After defeating Ole Miss on Saturday, 82-77, Missouri knew it could face any one of three teams in its quarterfinal matchup: the 13th-seeded Rebels, No. 12 South Carolina or No. 5 Tennessee. Ole Miss defeated the Gamecocks on Wednesday, 67-61, but The Tigers still don’t know who will emerge Thursday afternoon. In the meantime, head coach Dennis Gates has had his assistant coaches go back and watch film on every school.

“Anyone can come out of that game,” Gates said. “Obviously, we just gotta prepare the way that we need to. And our staff is doing their job, I'll do my job, and continue to watch film like I have. But through the season, this is what the SEC prepares you for. You sometimes are playing teams the third time or the second time around at a neutral site.”

Gates is no stranger to making deep runs in conference tournaments. In his first year as an assistant coach at Florida State, he helped the Seminoles win the 2012 ACC championship, their first league title in over 20 years. And in his second season as head coach at Cleveland State, he led the Vikings to the 2021 Horizon League championship, taking the team back to the NCAA tournament for the first time in a decade.

Four players from his Cleveland State team — senior guards Tre Gomillion, D’Moi Hodge and Ben Sternberg and junior forward Mabor Majak — are with Gates at Mizzou now. Several other players on the roster have made multiple trips through conference tournaments. The veterans know what to expect.

“(We need to) keep doing what we've done all year,” senior point guard Nick Honor said. “I feel like every game we played has prepared us for this moment.”

No matter who the team faces first, it won’t be the first time Mizzou’s gone up against them this season. That might work in the Tigers’ favor, though. Missouri is 3-0 against Ole Miss and Tennessee this year. It’s also 4-1 in rematches, its only loss coming against Texas A&M.

Gates thinks it could give MU a bit of an edge in a tournament setting with limited time to plan against each opponent.

“I think, you know, it says something about our team, being able to just go out there and give your very best, knowing what had happened the game before and what could happen now,” Gates said. “You kind of build another scouting report by being in that game and moving forward now and you can make those adjustments. So I just think we do a good job with our staff, our preparation, our players and myself. I think that's important.”

Gates said they’ll have to adapt to playing on a neutral floor again, noting it’s “completely different” from playing on the road. Mizzou hasn’t done so since December, but won both of its neutral site games against UCF and Illinois this season.

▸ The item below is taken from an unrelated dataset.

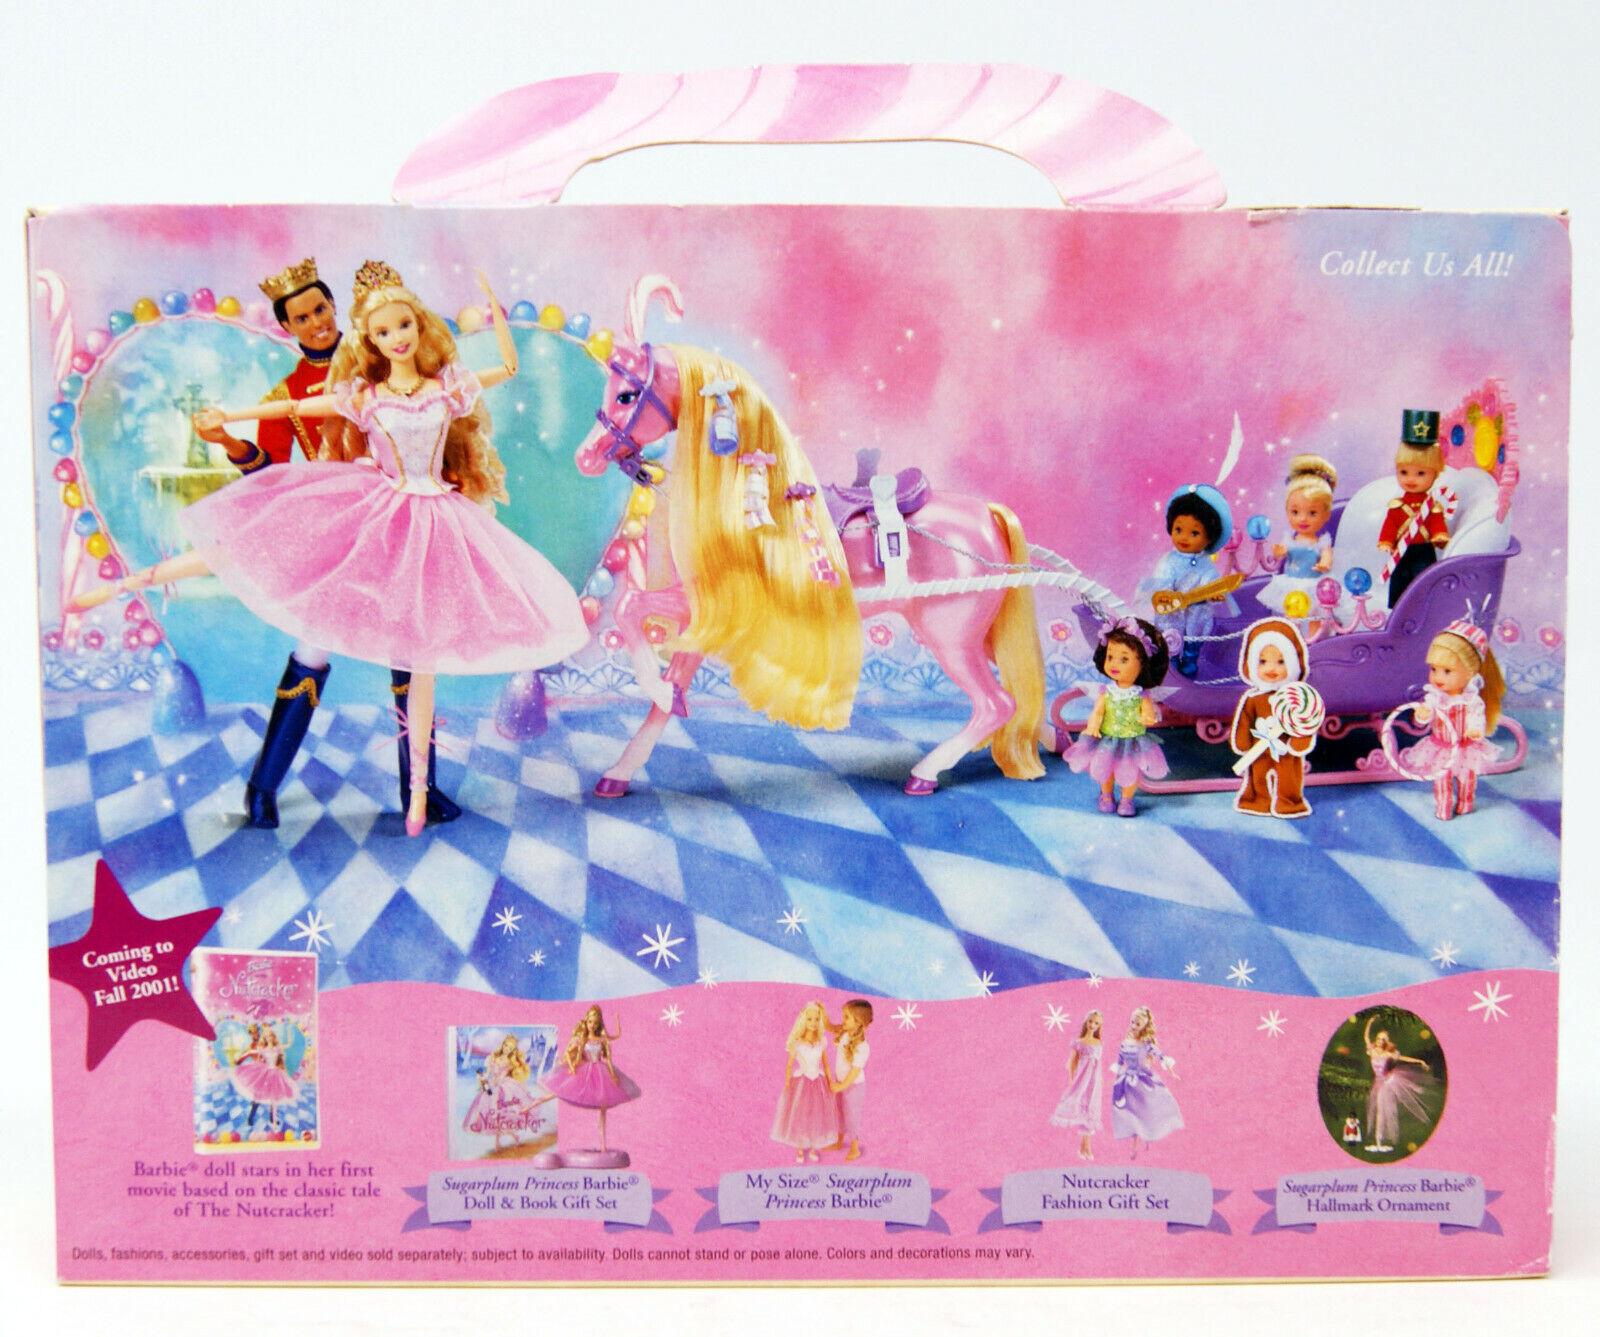 Barbie - Nutcracker - Special Collectible Set - - - Kelly Jenny & Kelly - 2001 d26eb3

It’ll be a pressurized atmosphere — the type that only comes around during March. But Gates thinks his team will be ready when they tip off on Friday at 2:30 p.m. in Nashville, Tenn.

“I just need to see elite focus. It's that simple,” Gates said. “Two teams are going to play well and somebody has to come away with a loss. It's March, there's gonna be possession-by-possession, there's gonna be situations, you're gonna have circumstances — you just can't predict it all. You just hope in that melting pot of a season, from your non-conference all the way through to conference, that you have had enough experiences that can help you along the way.”